Casein: the Slow-Absorbing Protein for Athletes

November 18, 2022

Casein is all the rage. You have probably seen on social networks different influencers from the sports world taking this kind of protein, but what is casein, what is it for, and what are its benefits for athletes? We will cover all this and more,  in the following article.


What is casein and what is it used for?


Casein is a protein found in milk, which represents 80% of the protein value of this food and is responsible for helping the body with calcium absorption.


It is a slow absorption protein compared to whey (the other major protein found in milk) and casein requires 30-40% more time to be absorbed.


Casein has a perfect nutritional composition to stop muscle catabolism (destruction of muscle tissue), which is why it is used in different sports disciplines as a dietary supplement. 


In recent years, casein protein shakes have been on the rise in sports centers because it is a perfect substance to help the body during the night in the process of muscle recovery.


Casein intolerance


Although lactose intolerance and casein intolerance are not technically the same thing (the former is caused by the body's difficulty in digesting lactose and the latter by an abnormal response of the immune system to milk proteins: beta-lactoglobulin and casein), they are very similar.


Casein intolerance, like lactose intolerance, manifests itself through quite specific symptoms: gas, bloating, diarrhea, cramps, abdominal pain, and its medical diagnosis requires a good blood test and probably some other specific medical test. 


However, it should be said that casein intolerance as such, unlike lactose intolerance, appears in the first years of life and is very sporadic in adults.


Lactose intolerance and casein intolerance are not scientifically the same disorder.


In terms of treatment, the main recommendation is the suppression of dairy foods. 


Eliminate dairy products containing cow's protein and try to find alternatives with formulas made, for example, from soy. 


Fortunately, the market offers more and more alternatives for people with food intolerances, so if you detect this alteration, calm down. Everything has a solution.


Benefits of casein


  • Time: Casein is one of the proteins that remain in the body for longer and can provide a slow but steady flow of amino acids into the bloodstream. In addition, we all know that rest is as or more important than the training itself, so ingesting casein during the last hours of the day can be of great help in the process of muscle recovery.


  • Teeth health: Yes, although it may seem silly, it is not. According to a study, casein has properties that prevent enamel erosion. So if the sports benefits seemed little to you, you already have another weighty argument to continue taking casein. 


  • Muscle recovery: Casein arrived mainly in the fitness world for this reason. We are dealing with a protein that promotes muscle recovery and is therefore perfect for strength sports in which we subject the body to high muscle demand. In addition, casein can promote the increase of lean mass and is totally free of fat.


  • Anti-catabolic properties: Casein slows down catabolism, a process in which part of the muscle mass is destroyed. All this occurs thanks to the ability of this protein to prolong protein synthesis over time. In addition, thanks to its slow digestion, casein has a satiating effect on the body.


  • Bone health: Different studies seem to have demonstrated the improvement that casein exerts on bone health. As you can see, the benefits of casein go beyond a muscular issue, and its nutritional contribution is also advisable for elderly people who may have bone problems.


Side effects of casein


Casein is one of the most recommended supplements for those who practice physical exercise. However, this protein has several side effects that should be considered, especially for those who have any type of dairy intolerance:


  • Increased mucus: Different theories associate high mucus with the body's inability to adequately break down the protein bacteria in the milk. This can result in thick, sticky mucus that seems to permanently adhere to the sides of the lungs. This is nothing more than a nuisance and should not be considered a serious problem initially.


  • Kidney damage: Casein has many benefits, but on the other hand, it also has certain drawbacks. In this case, an excess of casein could generate kidney problems.

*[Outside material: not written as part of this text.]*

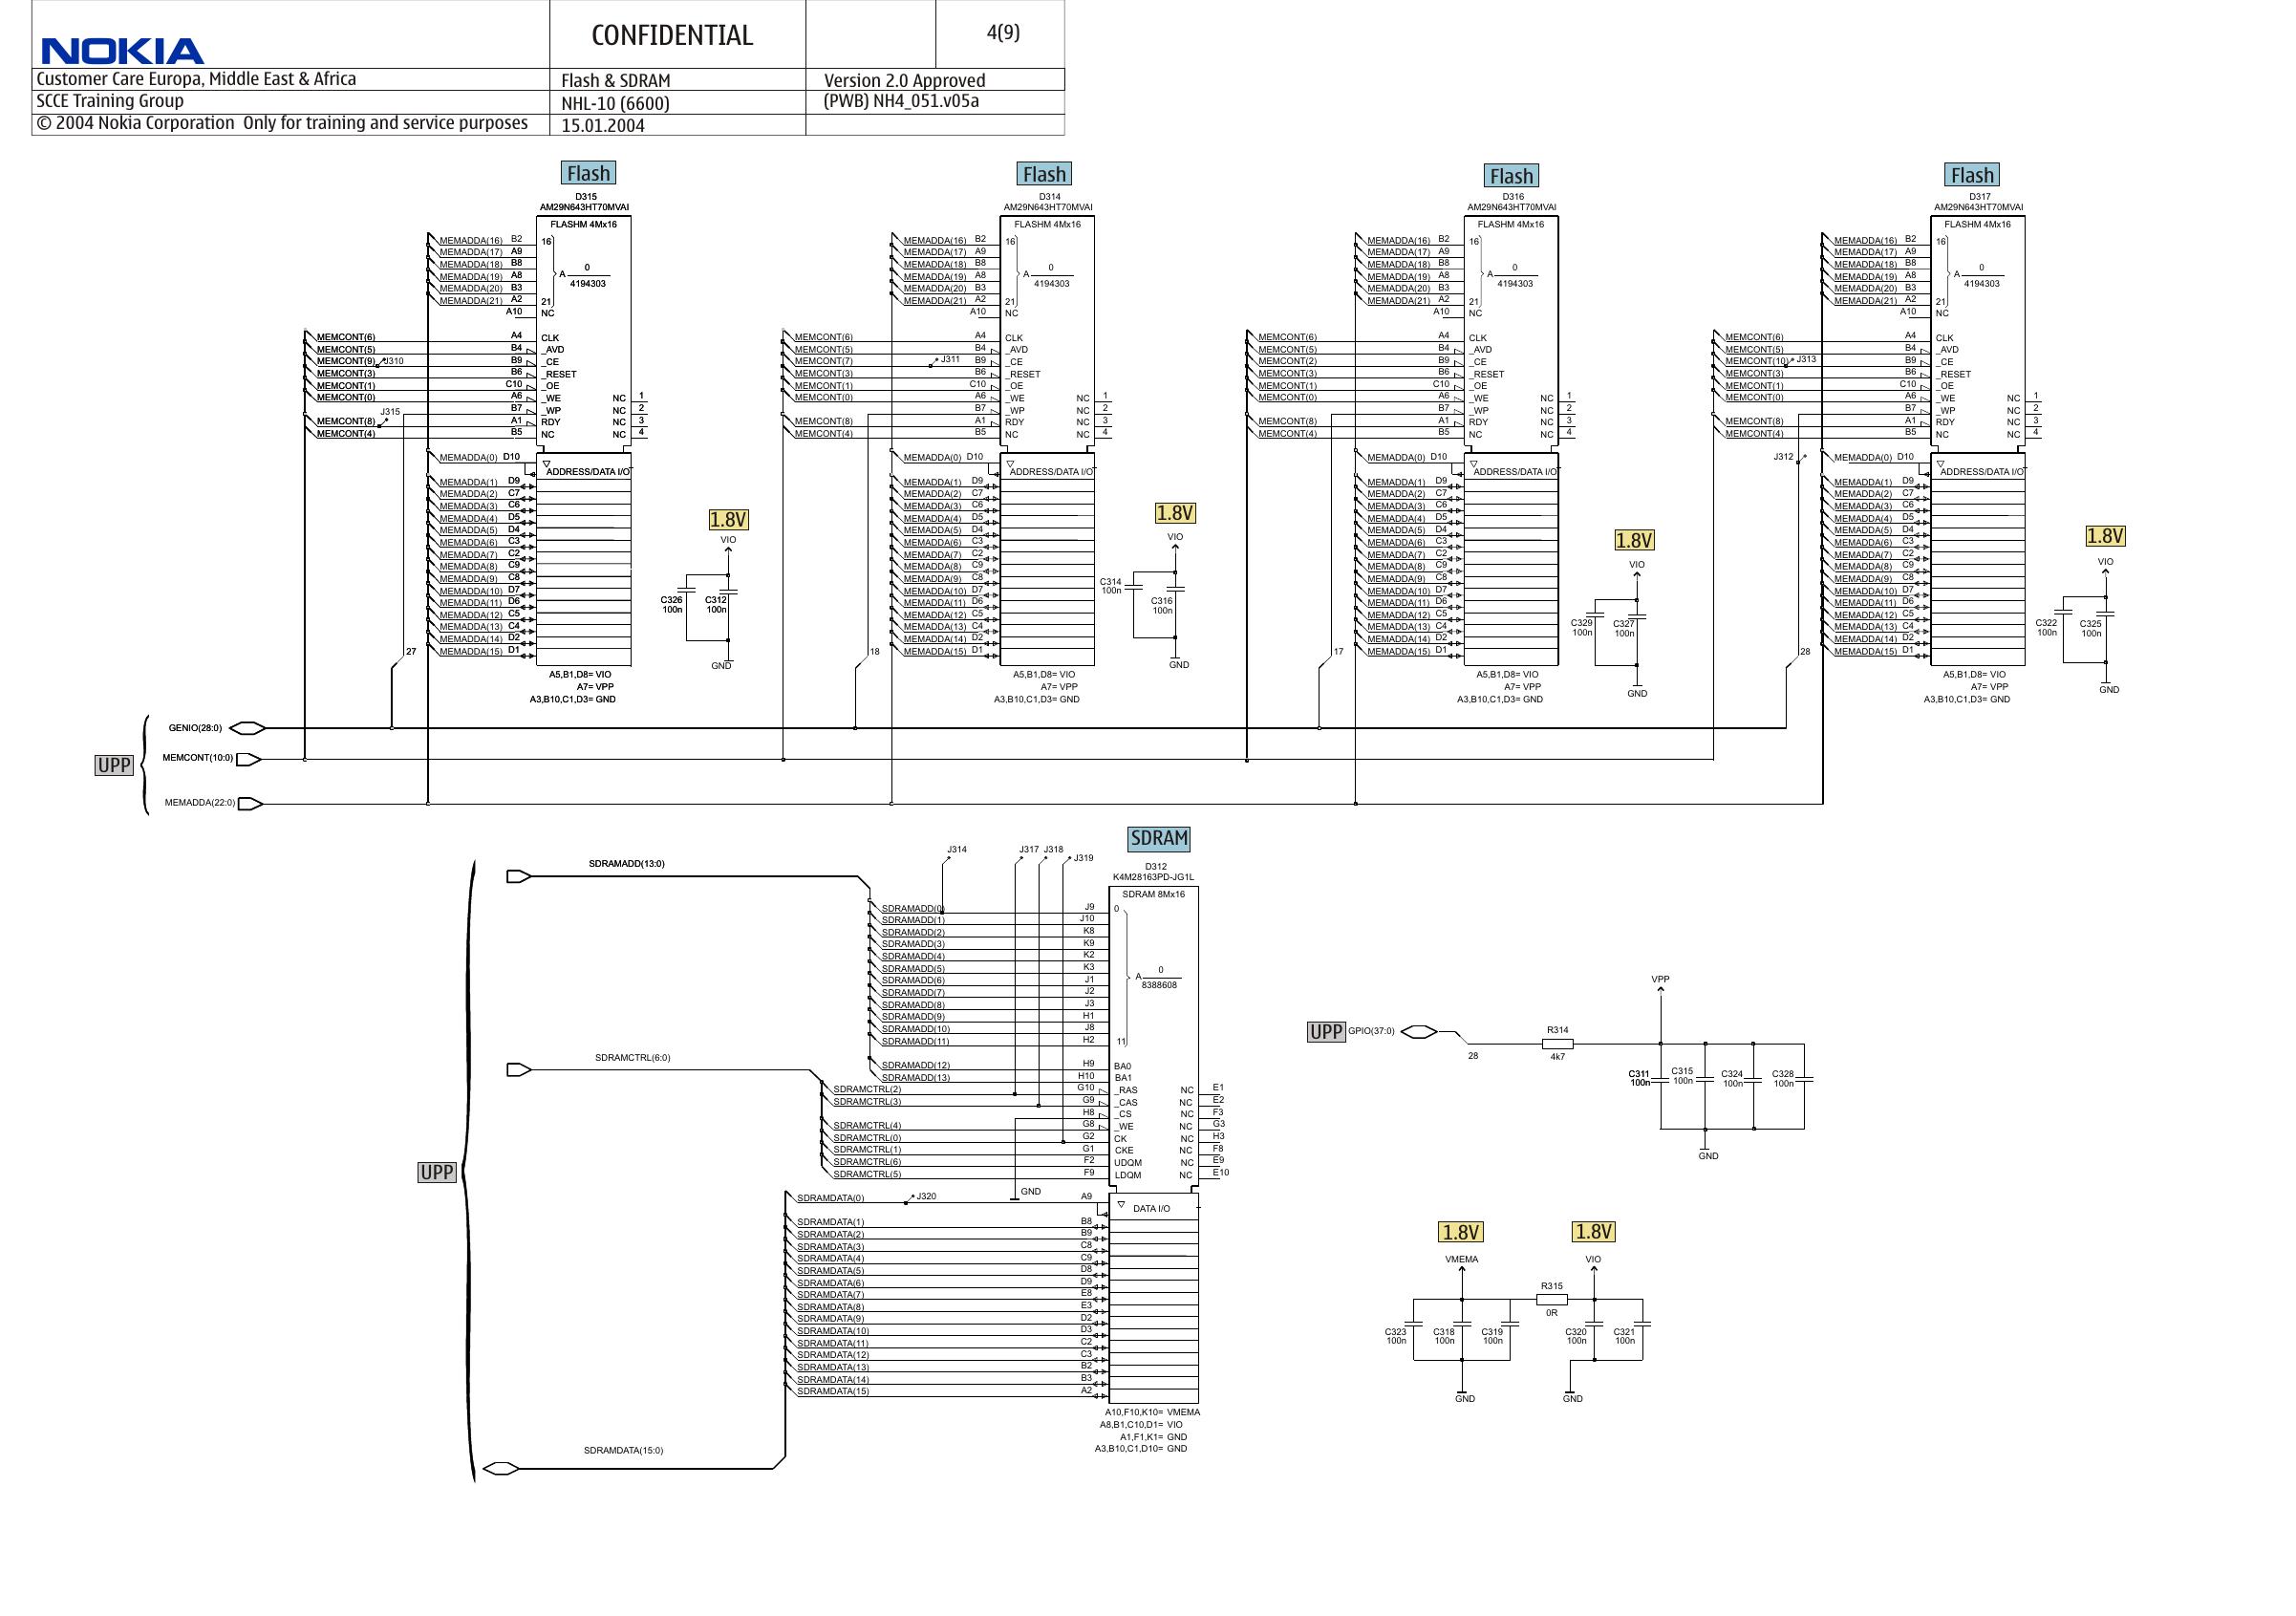 6600_NHL 10_schematics_2_0 Nokia 6600 Nhl 10 Schematics

  • Increased cholesterol: We all know that whole milk has a significant percentage of fat, hence many people opt for semi-skimmed or skimmed milk. With this type of milk, the cholesterol level in the blood is easier to control.


How and when to take casein?


Naturally, foods such as cheese, milk, butter, and many other dairy products contain casein. In addition, even in a very small proportion, all baked or cooked products with a milk base may contain casein. Bechamel sauce, for example, contains casein, although the amount of this substance is practically negligible.    


For this reason, people allergic to casein should avoid this type of dairy product. Products or "milk" derived from coconut, almond, or soy do not contain casein.


Some nutritionists and fitness specialists recommend taking casein naturally or through supplementation because its properties promote muscle growth and recovery. 


In addition, according to experts, casein should be taken before going to bed because its absorption is much slower compared to whey protein. Whey protein is absorbed much faster and is perfect for after training. This is the main reason why in gyms, you see so many people with a shake in their hands. Whey protein and casein are fully compatible, so their intake is not mutually exclusive.


Casein, just as other foods and supplements, should be taken in the right measure, recommended by a nutritionist or a dietician.